Mark “fire‑and‑forget” jobs as :temporary to avoid unnecessary restarts.
Define a sensible :shutdown timeout for stateful workers that need to persist data.
Prefer DynamicSupervisor for collections of workers whose cardinality is unknown at compile time.

Summary

Supervision trees give you fine‑grained control over how failures ripple through a system.

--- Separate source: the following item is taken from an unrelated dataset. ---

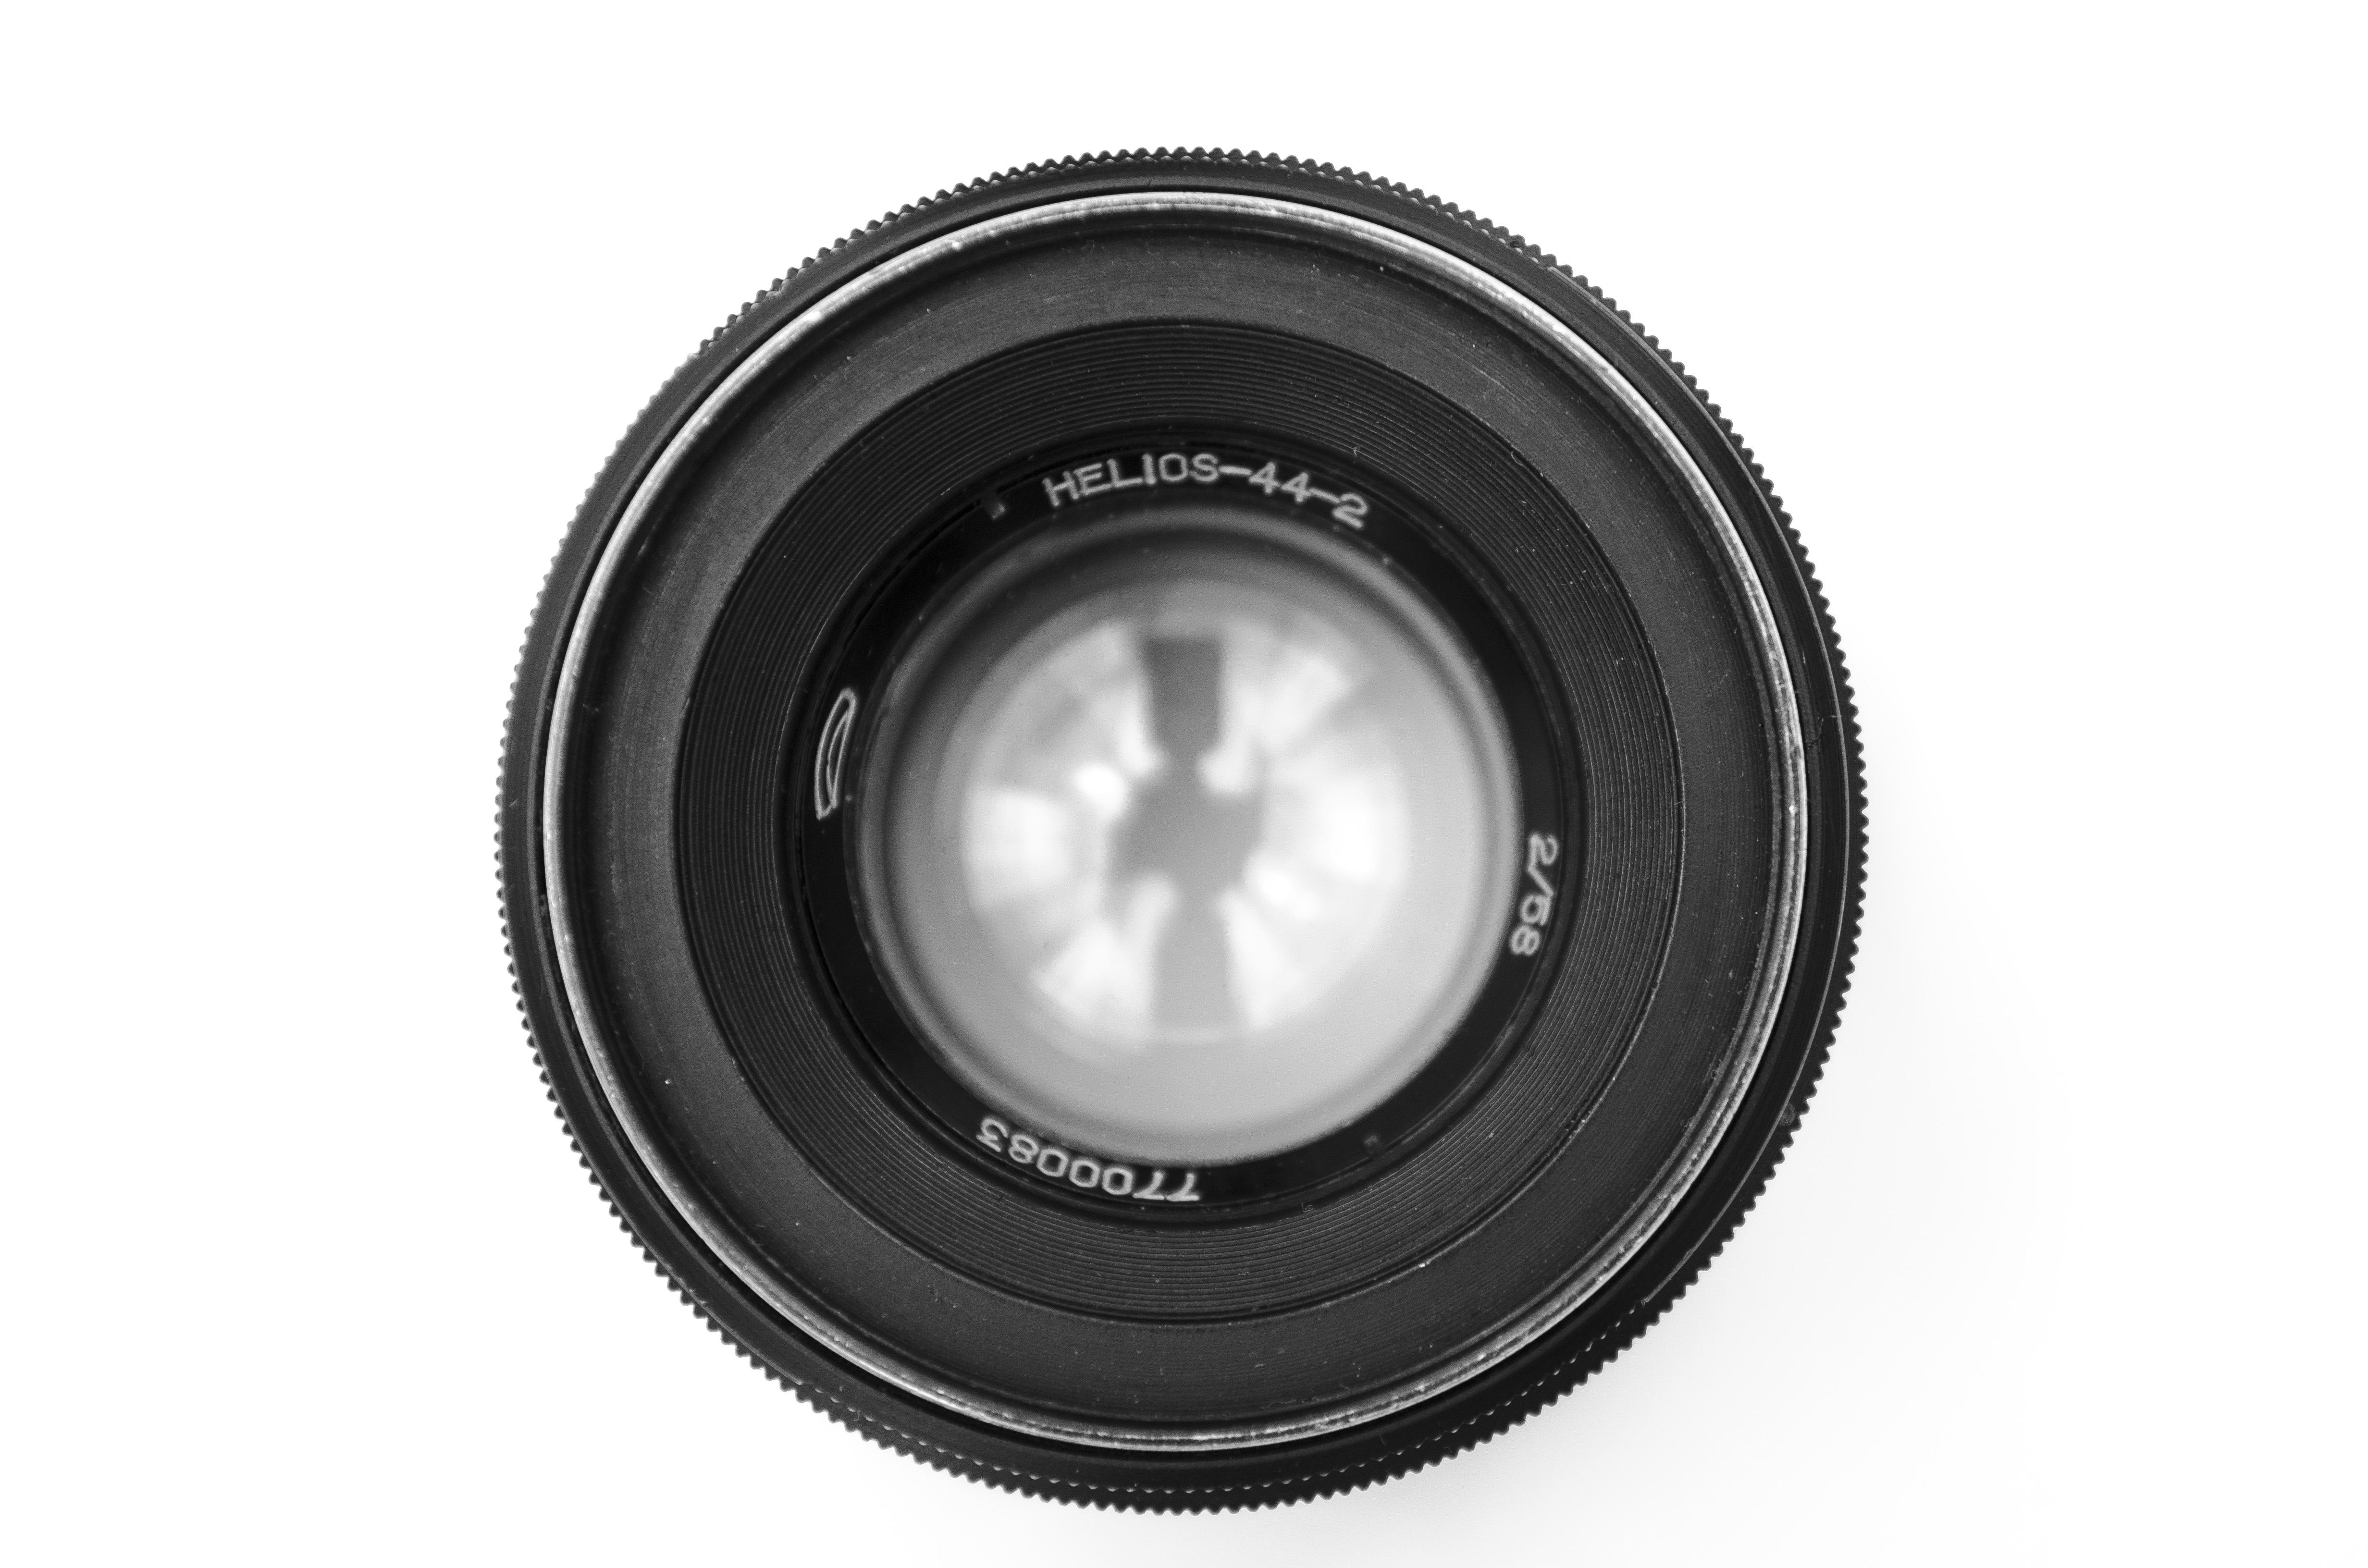 Free Images : wheel, retro, product, subwoofer, camera ...

By combining:

Explicit :type definitions in child specs,
Appropriate restart strategies (:one_for_one, :one_for_all, :rest_for_one),
Restart modes (:permanent, :transient, :temporary),
The Registry for dynamic name‑to‑PID resolution,
And DynamicSupervisor for on‑demand worker creation,

you can construct an Elixir application where errors are isolated, resources are cleaned up, and the entire system can be gracefully started or stopped with a single call.

Remember: let processes crash when they encounter unexpected conditions, and let the supervisor hierarchy take care of recovery. When you need to handle a known error, do it explicitly in the process’s callbacks. With these patterns in place, your concurrent applications will become both resilient and easier to reason about.